During diurnal trials, males showed a higher preference for thanatosis (χ2 = 7.65, df = 1, p = 0.05) compared to females (Fig. 1b). However, the duration of the thanatosis response of males and females was similar (males: 723.63 ± 291.91 s; females: 822.25 ± 194.97 s; U = 105, adjusted p = 1). Likewise, no significant difference between males and females was recorded for time spent in thanatosis during the nocturnal trials, although the time spent in that state decreased for both sexes (males: 379.78 ± 412.44 s; females: 638.07 ± 374.75 s; U = 87.5, adjusted p = 1).

In the second trial, four types of defense strategies were registered: standing still, fleeing, tail wagging, and stinging. The type of strategy used was mostly influenced by which body part was restricted in both adults and juveniles. When the prosomas were pinched, the primary defense mechanism was to sting while when the pincers were immobilized, the individuals chose to either show no reactions or to flee (Table 2). Stinging behavior was not influenced by diel period (daytime χ2(3,2) = 1.85, df = 2, p = 0.39; nighttime χ2(3,2) = 0.67, df = 2, p = 0.71) in both adults and juveniles. However, in response to pincer restriction, standing still was more frequently observed than stinging. This behavior was predominantly performed by adults during both diel periods (daytime χ2(4,2) = 15.4, df = 3, p < 0.01; nighttime χ2(4,2) = 16.6, df = 3, p < 0.01).
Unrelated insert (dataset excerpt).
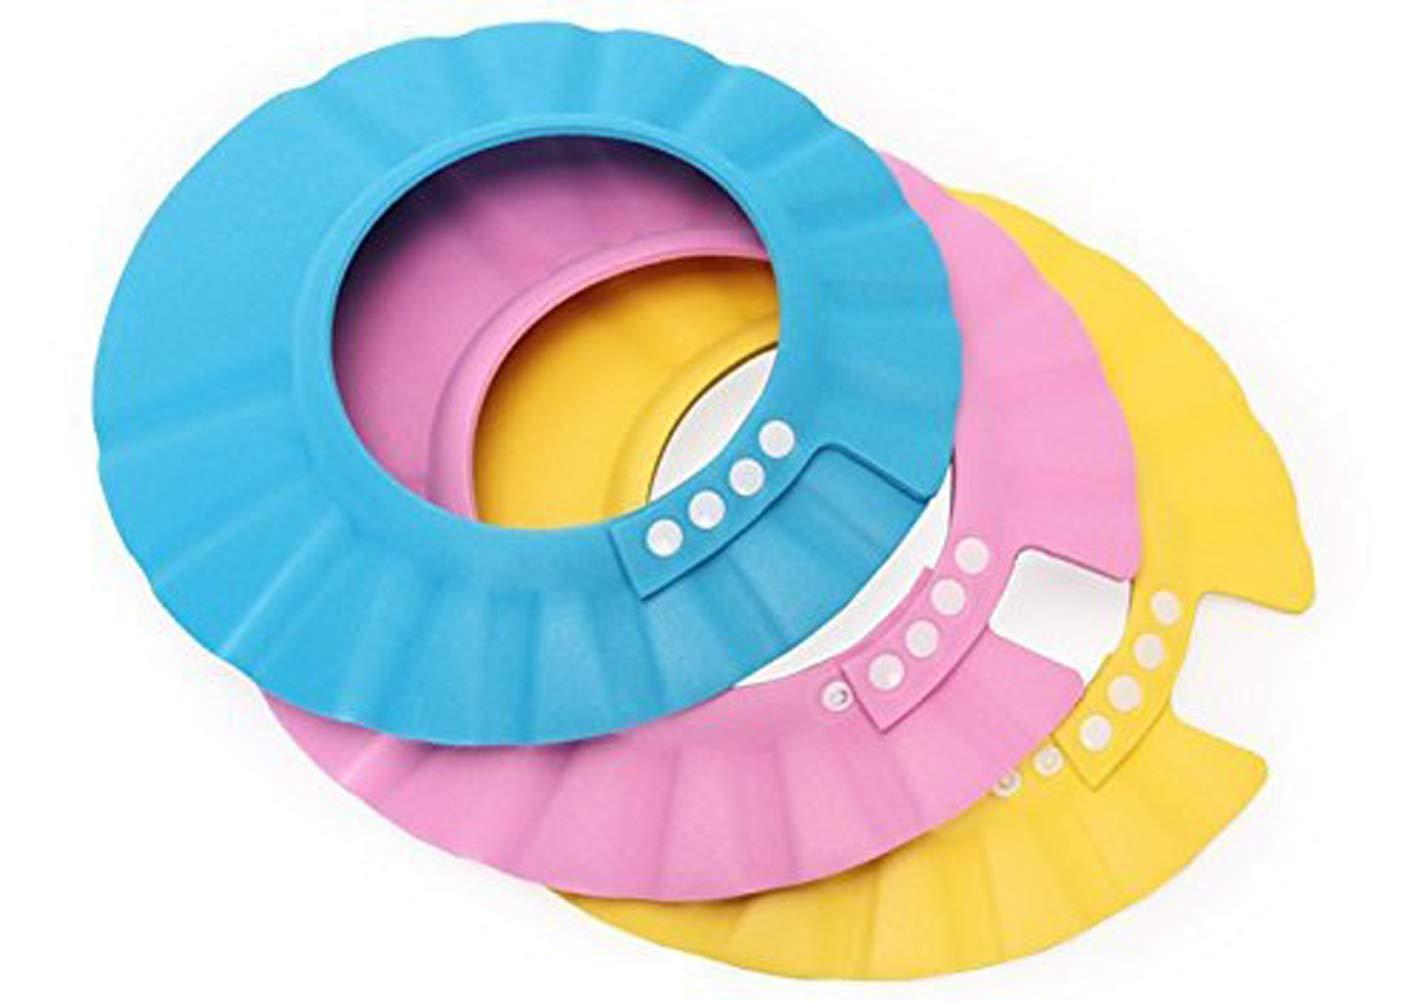 3pcs Soft Adjustable Shampoo Shower Cap Kids Bathing Protection Plastic Bath Hat Visor Cap for Toddler Baby Kids Children (Color Random, 27.5CM/10.8IN)

Tail wagging was only performed by adults and was independent of body part restriction (prosoma or pincers) and diel period (Table 2). Differences in the response of pincer restriction were observed between sexes, but only in diurnal trials (χ2(4,2) = 54.4, df = 3, p < 0.01) and not in nocturnal trials (χ2(4,2) = 4.96, df = 3, p = 0.17). In diurnal trials, males performed primarily two reactions: fleeing or stinging, while females exhibited no reaction or tail wagging (Table 3). Contrarily, males and females performed mainly stinging in response to prosoma restriction, with no differences between daytime (χ2(3,2) = 4.84, df = 2, p = 0.08) or nighttime (χ2(3,2) = 1.08, df = 2, p = 0.58) (Table 3).

Discussion

This study described the defensive mechanisms used by the litter-dwelling scorpion Tityus pusillus to simulate predation situations. Our results indicate that this species exhibits behavioral plasticity in defensive strategies, with stinging, thanatosis, and fleeing as the main defensive behavioral reactions. Nevertheless, these responses can be modulated according to factors such as the body structure immobilized by a predator, sex, diel period, and developmental stage.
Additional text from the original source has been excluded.